### Task
If a line in the material below has the string "Leaf", copy it out.

--- Records shown Enclosed Below ---

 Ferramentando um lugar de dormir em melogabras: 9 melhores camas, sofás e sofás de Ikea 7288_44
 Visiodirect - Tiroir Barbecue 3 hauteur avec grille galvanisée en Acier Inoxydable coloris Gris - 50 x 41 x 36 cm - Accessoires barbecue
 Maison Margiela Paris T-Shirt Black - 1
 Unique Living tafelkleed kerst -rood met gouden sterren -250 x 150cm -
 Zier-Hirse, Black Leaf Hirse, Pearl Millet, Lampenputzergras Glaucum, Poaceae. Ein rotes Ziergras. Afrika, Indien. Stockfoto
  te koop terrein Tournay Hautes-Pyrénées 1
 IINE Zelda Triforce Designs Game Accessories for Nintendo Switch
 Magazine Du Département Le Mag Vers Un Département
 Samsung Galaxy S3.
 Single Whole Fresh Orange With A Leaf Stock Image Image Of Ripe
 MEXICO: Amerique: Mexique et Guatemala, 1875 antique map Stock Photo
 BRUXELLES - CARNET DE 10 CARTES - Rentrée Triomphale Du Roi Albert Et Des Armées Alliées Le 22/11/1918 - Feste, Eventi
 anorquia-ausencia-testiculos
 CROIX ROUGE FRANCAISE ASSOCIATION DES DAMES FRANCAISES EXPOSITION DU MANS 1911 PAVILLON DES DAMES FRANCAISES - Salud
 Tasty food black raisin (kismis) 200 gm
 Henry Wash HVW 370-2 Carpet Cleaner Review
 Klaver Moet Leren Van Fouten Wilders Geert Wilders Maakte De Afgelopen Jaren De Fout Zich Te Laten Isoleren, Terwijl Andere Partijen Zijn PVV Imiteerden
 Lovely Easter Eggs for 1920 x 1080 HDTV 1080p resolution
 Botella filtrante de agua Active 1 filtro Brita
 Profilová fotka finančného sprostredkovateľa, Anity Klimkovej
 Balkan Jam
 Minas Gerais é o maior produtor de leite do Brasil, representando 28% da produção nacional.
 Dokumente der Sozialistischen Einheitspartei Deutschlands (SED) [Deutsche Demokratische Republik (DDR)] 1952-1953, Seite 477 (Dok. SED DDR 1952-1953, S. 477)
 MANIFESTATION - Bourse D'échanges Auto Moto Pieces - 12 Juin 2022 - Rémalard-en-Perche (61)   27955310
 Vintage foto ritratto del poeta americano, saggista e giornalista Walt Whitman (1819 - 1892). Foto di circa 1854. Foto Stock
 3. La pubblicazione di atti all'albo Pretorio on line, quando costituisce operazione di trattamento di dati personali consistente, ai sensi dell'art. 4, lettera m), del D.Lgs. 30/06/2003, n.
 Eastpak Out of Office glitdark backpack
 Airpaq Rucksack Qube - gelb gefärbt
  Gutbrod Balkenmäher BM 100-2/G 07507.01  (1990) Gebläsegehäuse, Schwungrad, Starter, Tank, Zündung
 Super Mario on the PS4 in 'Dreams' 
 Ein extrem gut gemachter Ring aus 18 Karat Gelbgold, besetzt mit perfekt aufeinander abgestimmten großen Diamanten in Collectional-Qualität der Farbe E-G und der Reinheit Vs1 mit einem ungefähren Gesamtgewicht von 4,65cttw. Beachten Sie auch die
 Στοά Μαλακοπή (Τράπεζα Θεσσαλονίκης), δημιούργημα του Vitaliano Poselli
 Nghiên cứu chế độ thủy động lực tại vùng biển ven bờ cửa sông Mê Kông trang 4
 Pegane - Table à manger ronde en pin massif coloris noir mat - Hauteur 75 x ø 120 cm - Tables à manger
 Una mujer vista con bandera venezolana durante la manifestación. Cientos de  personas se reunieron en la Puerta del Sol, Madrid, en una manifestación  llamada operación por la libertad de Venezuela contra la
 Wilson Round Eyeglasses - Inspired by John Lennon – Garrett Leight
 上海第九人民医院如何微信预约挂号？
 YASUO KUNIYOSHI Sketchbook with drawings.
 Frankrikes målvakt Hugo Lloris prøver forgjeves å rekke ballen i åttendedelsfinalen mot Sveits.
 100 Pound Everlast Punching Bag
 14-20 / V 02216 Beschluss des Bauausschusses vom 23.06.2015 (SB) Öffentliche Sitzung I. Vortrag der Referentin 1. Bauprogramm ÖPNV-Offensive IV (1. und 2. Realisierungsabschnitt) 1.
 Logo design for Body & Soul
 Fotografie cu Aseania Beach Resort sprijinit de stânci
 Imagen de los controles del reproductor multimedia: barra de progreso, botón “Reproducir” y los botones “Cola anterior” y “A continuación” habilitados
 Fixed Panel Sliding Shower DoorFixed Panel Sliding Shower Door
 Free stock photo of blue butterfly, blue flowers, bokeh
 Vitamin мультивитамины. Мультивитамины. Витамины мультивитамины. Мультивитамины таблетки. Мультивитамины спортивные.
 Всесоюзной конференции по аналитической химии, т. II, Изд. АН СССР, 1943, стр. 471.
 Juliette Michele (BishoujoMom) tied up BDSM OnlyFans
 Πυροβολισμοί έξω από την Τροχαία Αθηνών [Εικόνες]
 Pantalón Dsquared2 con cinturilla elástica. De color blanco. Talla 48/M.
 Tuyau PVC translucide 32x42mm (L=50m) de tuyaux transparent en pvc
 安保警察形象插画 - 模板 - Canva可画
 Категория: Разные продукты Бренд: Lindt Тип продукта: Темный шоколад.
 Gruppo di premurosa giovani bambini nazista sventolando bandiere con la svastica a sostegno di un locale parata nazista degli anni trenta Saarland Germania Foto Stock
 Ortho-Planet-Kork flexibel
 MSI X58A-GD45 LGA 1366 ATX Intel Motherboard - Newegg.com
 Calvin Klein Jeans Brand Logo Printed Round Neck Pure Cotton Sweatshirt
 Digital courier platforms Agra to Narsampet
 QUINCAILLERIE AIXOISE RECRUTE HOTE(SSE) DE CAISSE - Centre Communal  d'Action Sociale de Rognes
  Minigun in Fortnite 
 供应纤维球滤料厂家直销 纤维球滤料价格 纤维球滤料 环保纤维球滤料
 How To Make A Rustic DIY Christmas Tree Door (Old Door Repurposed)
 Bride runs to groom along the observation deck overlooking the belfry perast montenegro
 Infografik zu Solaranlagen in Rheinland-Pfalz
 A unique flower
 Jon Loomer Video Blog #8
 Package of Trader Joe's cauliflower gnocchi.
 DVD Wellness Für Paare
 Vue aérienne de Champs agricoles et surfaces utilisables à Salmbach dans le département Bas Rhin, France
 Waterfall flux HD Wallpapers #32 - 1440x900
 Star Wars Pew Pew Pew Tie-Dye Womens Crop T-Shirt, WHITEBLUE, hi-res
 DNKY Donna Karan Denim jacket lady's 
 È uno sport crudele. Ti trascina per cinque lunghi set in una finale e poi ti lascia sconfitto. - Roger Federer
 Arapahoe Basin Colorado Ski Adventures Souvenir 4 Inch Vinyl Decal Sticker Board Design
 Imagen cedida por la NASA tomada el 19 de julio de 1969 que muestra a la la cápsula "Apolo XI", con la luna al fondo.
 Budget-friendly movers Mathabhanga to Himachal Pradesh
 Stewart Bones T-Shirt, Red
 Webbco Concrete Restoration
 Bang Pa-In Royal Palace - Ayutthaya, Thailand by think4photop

--- End of Enclosed Records shown ---

### Written solution
 Zier-Hirse, Black Leaf Hirse, Pearl Millet, Lampenputzergras Glaucum, Poaceae. Ein rotes Ziergras. Afrika, Indien. Stockfoto
 Single Whole Fresh Orange With A Leaf Stock Image Image Of Ripe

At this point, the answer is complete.